Poème après poème, les ordres de la taxinomie se succèdent dans la rigueur de leurs classes revisitées par la liberté un brin déclassificatrice du point de vue.
D'envolées en voltiges du lexique, chemin faisant, nous découvrons une multitude de noms d'oiseaux comme autant d'évocations-invocations.
À l'occasion chamaniques, ces rythmes parfois obsessifs, entêtants toujours, se profilent comme un décalque possible du mouvement invétéré de l'oiseau. La picturalité de la page se donne alors comme un rendu possible de la spatialité échue aux volatiles.
Cependant, dans ces "jeux" subtils, l'oiseau est plus que lui-même, il est également sa propre histoire. Car chaque poème s'étoile de notations, anecdotes historiques ou littéraires nous signalant les aléas de la temporalité. Espèces disparues, accidents notables, nécrologies, cocasseries des circonstances, préjugés et qualités s'insinuent dans le poème.
À cette aune, une prenante densité symbolique se déploie à mesure que le lecteur s'avance dans ce livre inclassable.
La forme, justement, n'était-elle pas également introduite par le thème de l'"augure" ? L'oiseau n'est-il pas tout aussi divinatoire, haruspice ? Saurions-nous l'ignorer ?
Dans cette mesure, le recueil devient la prophétie de sa forme de liste zébrées, en séries trouées, psalmodiées, juxtaposées, cousues, apparentées, contaminées.
Érodé ou non, l'effet de liste renouvelle la surprise de l'énoncé avec humour, sensibilité et fraîcheur. Le bonheur d'un l'équilibre "architectonique" amalgamant la prodigieuse diversité des segments dont le recueil est pétri séduit.
Selon les logiques du chant et d'une forme de prière étrangement laïque, chemin faisant, les fragments et autres lambeaux finissent par composer un recueil fortement unitaire. Dans lequel la déchirure, le saut et l'envol soudain valent paradoxalement comme une continuité tangible. De poème à poème, distance, réitération et différence font toujours bon ménage.

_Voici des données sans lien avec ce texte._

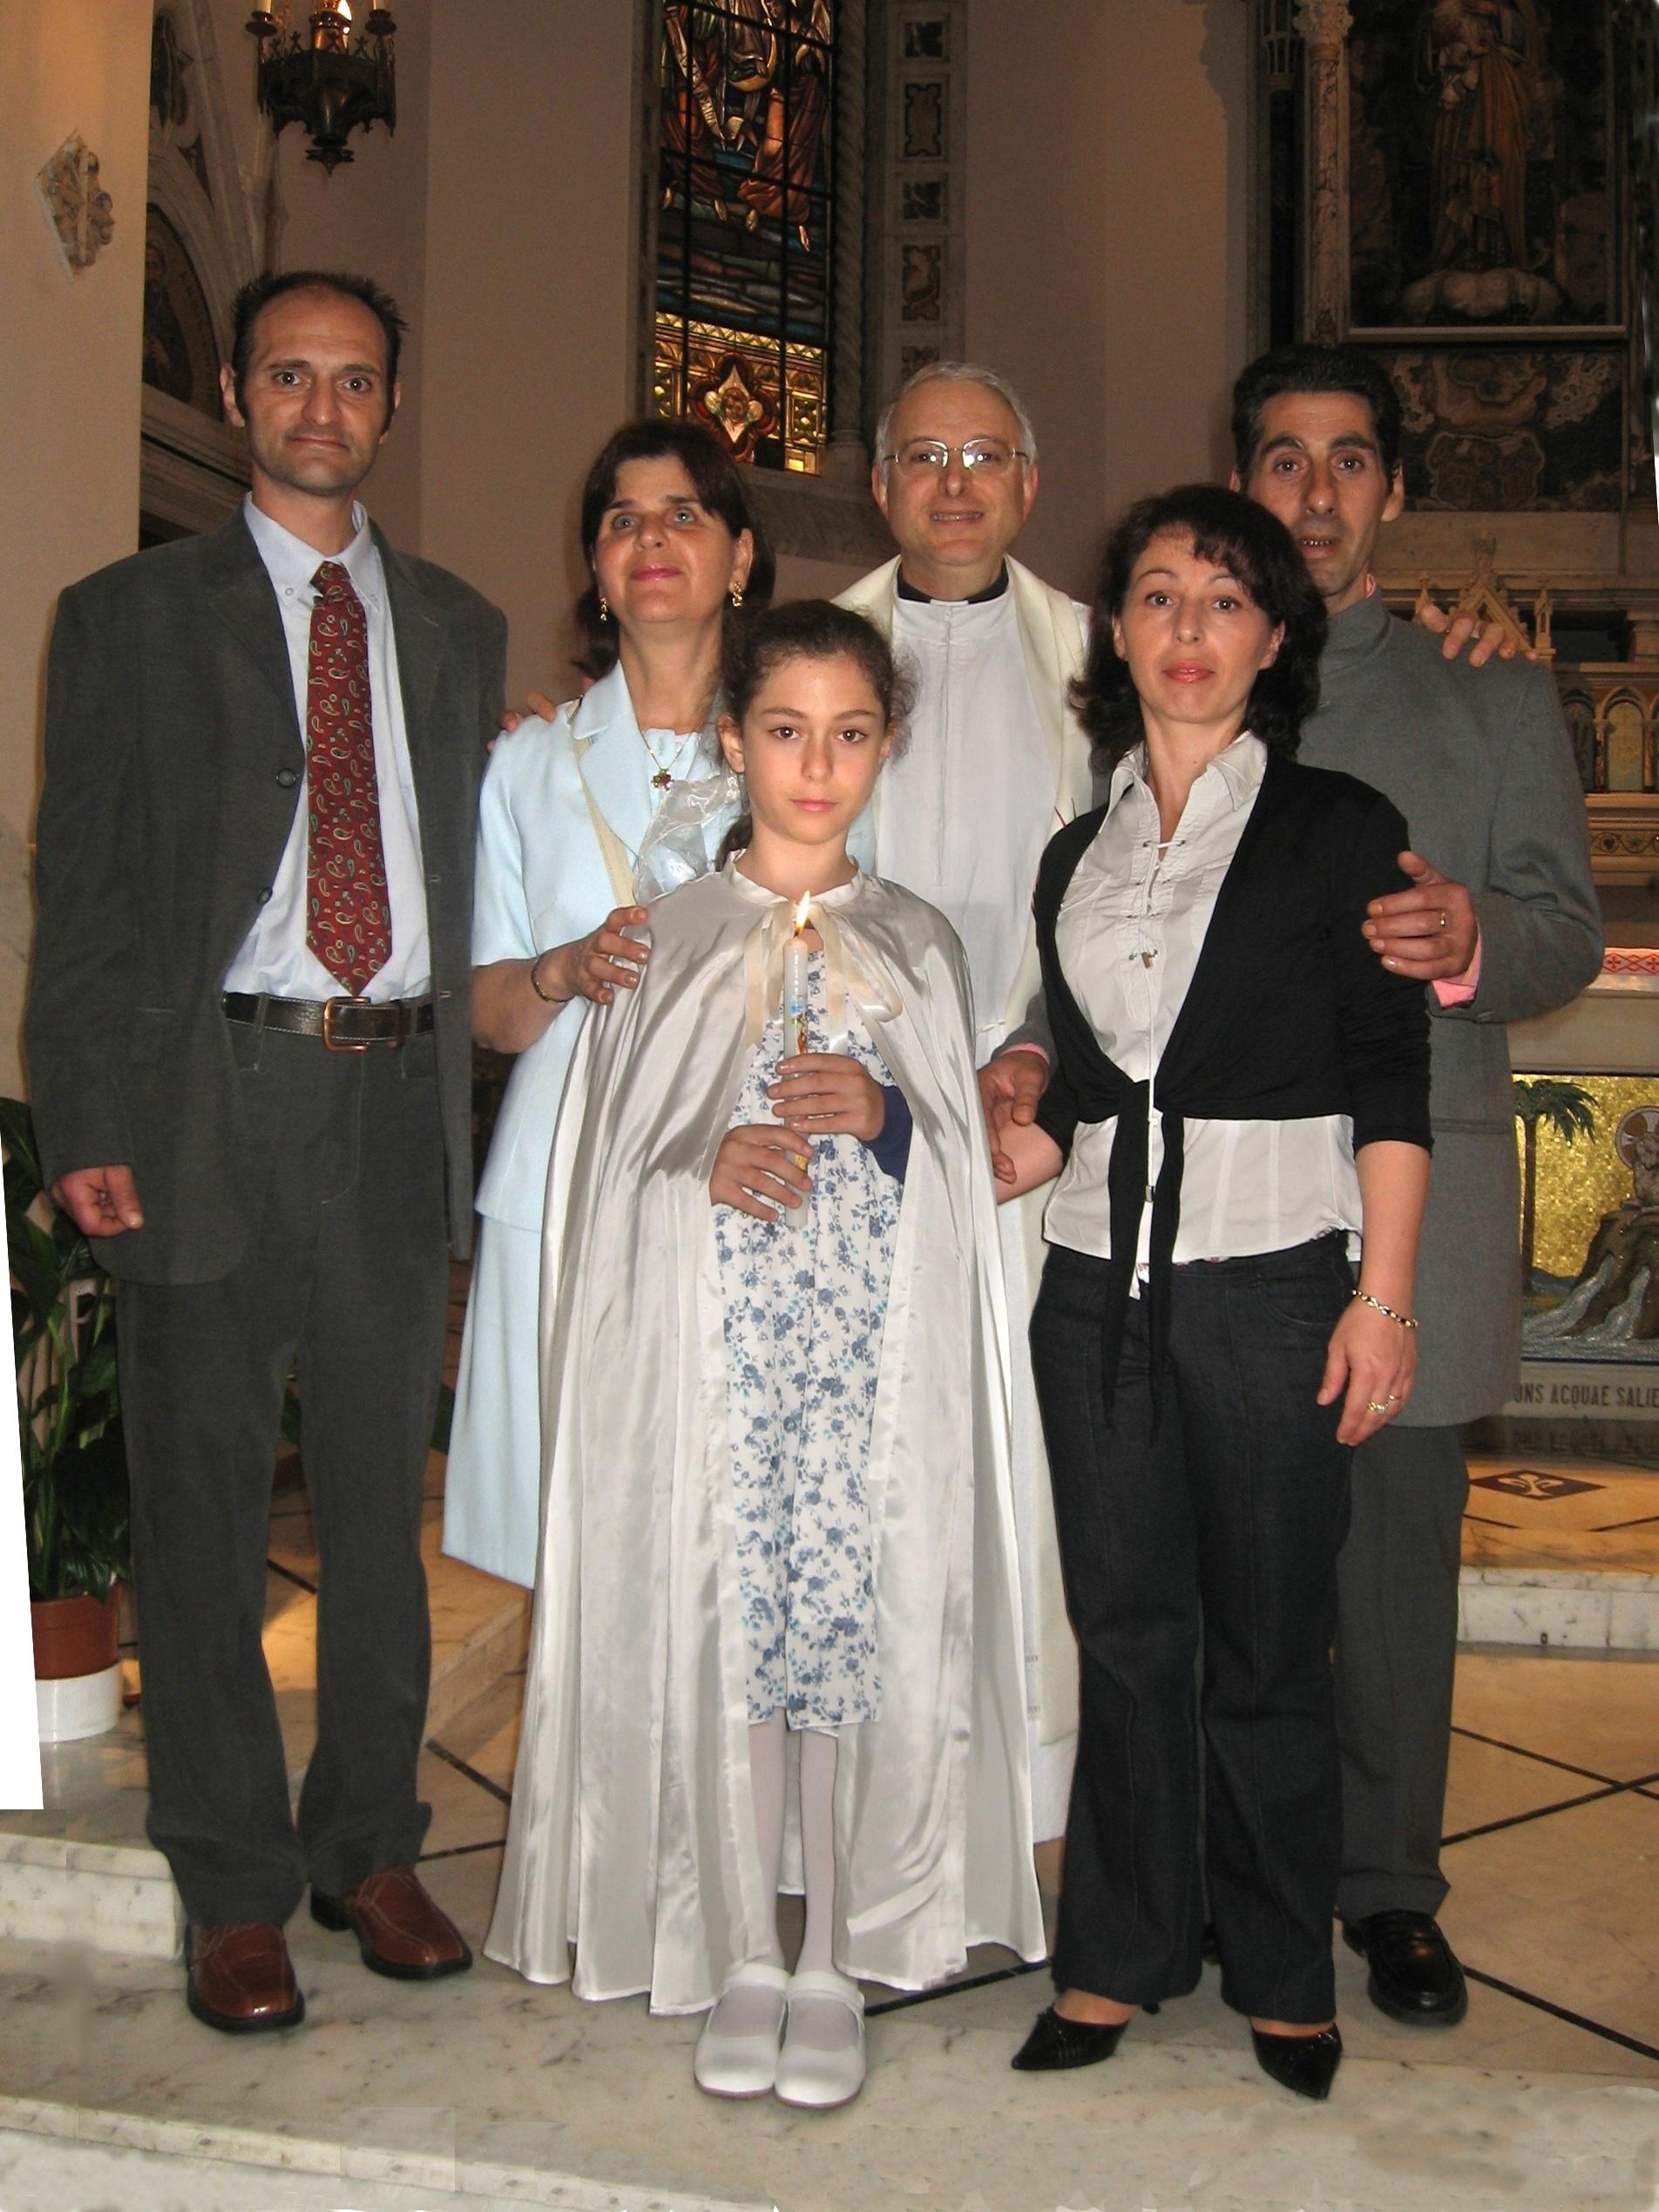 Battesimo_Jasmine_Romagnolo_10-05-22--11.28.57

La décontextualisation incessante d'espèces, sous-espèces en variétés fait paradoxalement allusion à une superposition immédiate de chaque poème sur tous les autres pour asseoir une unité incontestable. Car le recueil se développe en revenant sur lui-même dans une région - entre terre et ciel ? - où l'objectivité comme taxinomie et le rêve comme liberté poétique s'entrelacent. L'arborescence des accumulations et de l'encyclopédisme des citations dialoguent toujours.
Peu à peu, le ravissement inassignable des si nombreux coups d'aile qui nous capturent s'impose comme un épos dans lequel l'espace s'anagrammatise dans l'espèce. Une identité de l'un avec l'autre est, l'air de rien, subtilement posée.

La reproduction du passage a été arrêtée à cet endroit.